Unnamed: 0,wheel_base,curb_weight,horsepower,length,width,height,city_mpg,highway_mpg
0,88.6,2548,111.0,168.8,64.1,48.8,21,27
1,88.6,2548,111.0,168.8,64.1,48.8,21,27
2,94.5,2823,154.0,171.2,65.5,52.4,19,26
3,99.8,2337,102.0,176.6,66.2,54.3,24,30
4,99.4,2824,115.0,176.6,66.4,54.3,18,22


In [22]:
# Plotting the data
more_data_long = pd.melt(more_data)

px.box(more_data_long, x='variable', y='value', width=700, height=400)

As you can see, variables do not share the measure scale. We must standardize them before applying PCA.

In [23]:
from sklearn.preprocessing import StandardScaler

more_data_st = StandardScaler().fit_transform(more_data)
more_data_st = pd.DataFrame(more_data_st, columns=more_data.columns)
more_data_st.head()

Unnamed: 0,wheel_base,curb_weight,horsepower,length,width,height,city_mpg,highway_mpg
0,-1.688467,-0.015177,0.170228,-0.420804,-0.838083,-2.024547,-0.647094,-0.543037
1,-1.688467,-0.015177,0.170228,-0.420804,-0.838083,-2.024547,-0.647094,-0.543037
2,-0.710151,0.511728,1.255637,-0.22655,-0.186775,-0.547224,-0.952228,-0.687894
3,0.168675,-0.419457,-0.05695,0.210521,0.138878,0.232474,-0.189394,-0.108465
4,0.102349,0.513644,0.271197,0.210521,0.231922,0.232474,-1.104795,-1.267324


In [24]:
# Plotting the standardized data
more_data_st_long = pd.melt(more_data_st)

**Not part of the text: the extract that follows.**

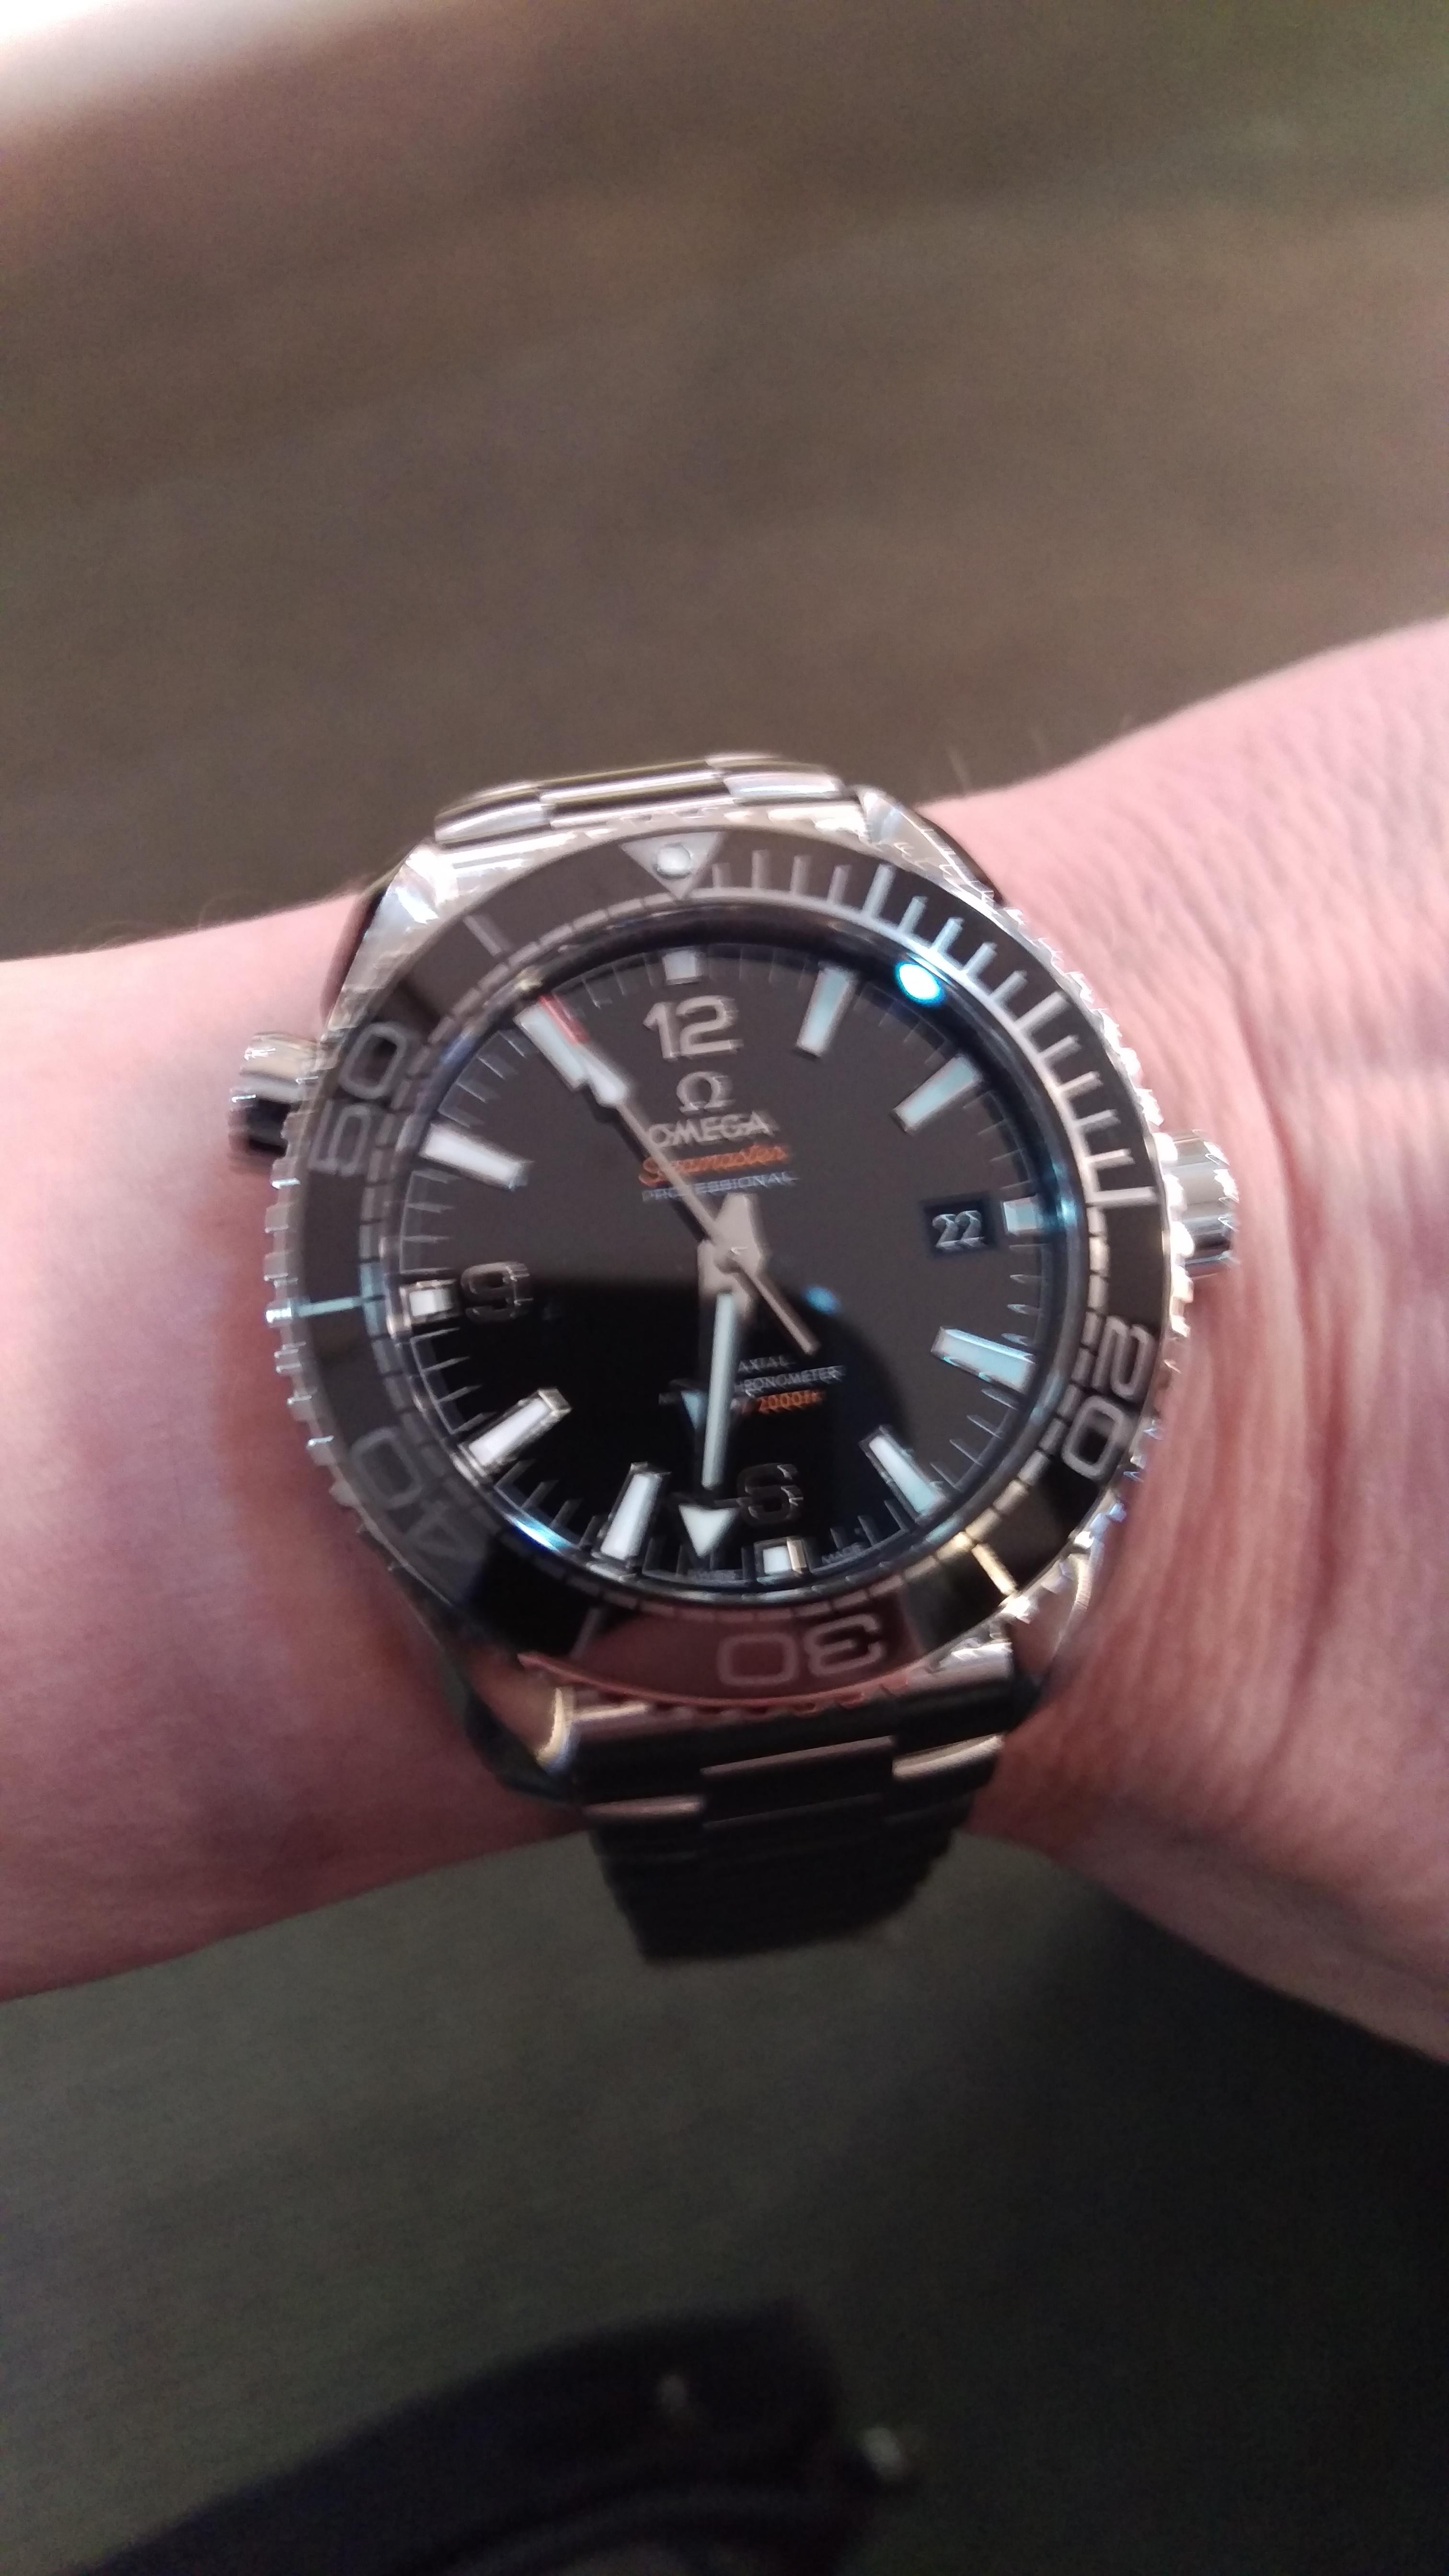 Omega Seamaster Planet Ocean 39.5mm

px.box(more_data_st_long, x='variable', y='value', width=700, height=400)

In [25]:
pca3 = PCA(n_components=3)
pca3.fit(more_data_st)

In [26]:
# Getting the exaplained variance
print('Explained variance: ', pca3.explained_variance_.round(2))
print('Explained variance ratio: ', pca3.explained_variance_ratio_.round(4))

Explained variance:  [5.48 1.55 0.46]
Explained variance ratio:  [0.6811 0.1922 0.0572]


The Explained Variance Ratio represents the proportion of the dataset's total variance captured by each principal component. Notice the first is much greater than the second, the second is greater than the third, and so on.

The first component accounts for approximately `68.11%` (0.6811) of the total variance, the second for about `19.22%` (0.1922), and the third for `5.72%`.

These ratios help understand the relative importance of each principal component in explaining the variance in the dataset.

How many components will be necessary for preserving a good amount of the original variance?

## References

- https://scikit-learn.org/stable/unsupervised_learning.html
- Muller, A.C. & Guido, S. (2017) Introduction to Machine Learning with Python. A guide for Data scientists. USA: O'Reilly, chapter 3.
- VanderPlas, J. (2017) Python Data Science Handbook: Essential Tools for Working with Data. USA: O'Reilly Media, Inc. chapter 5.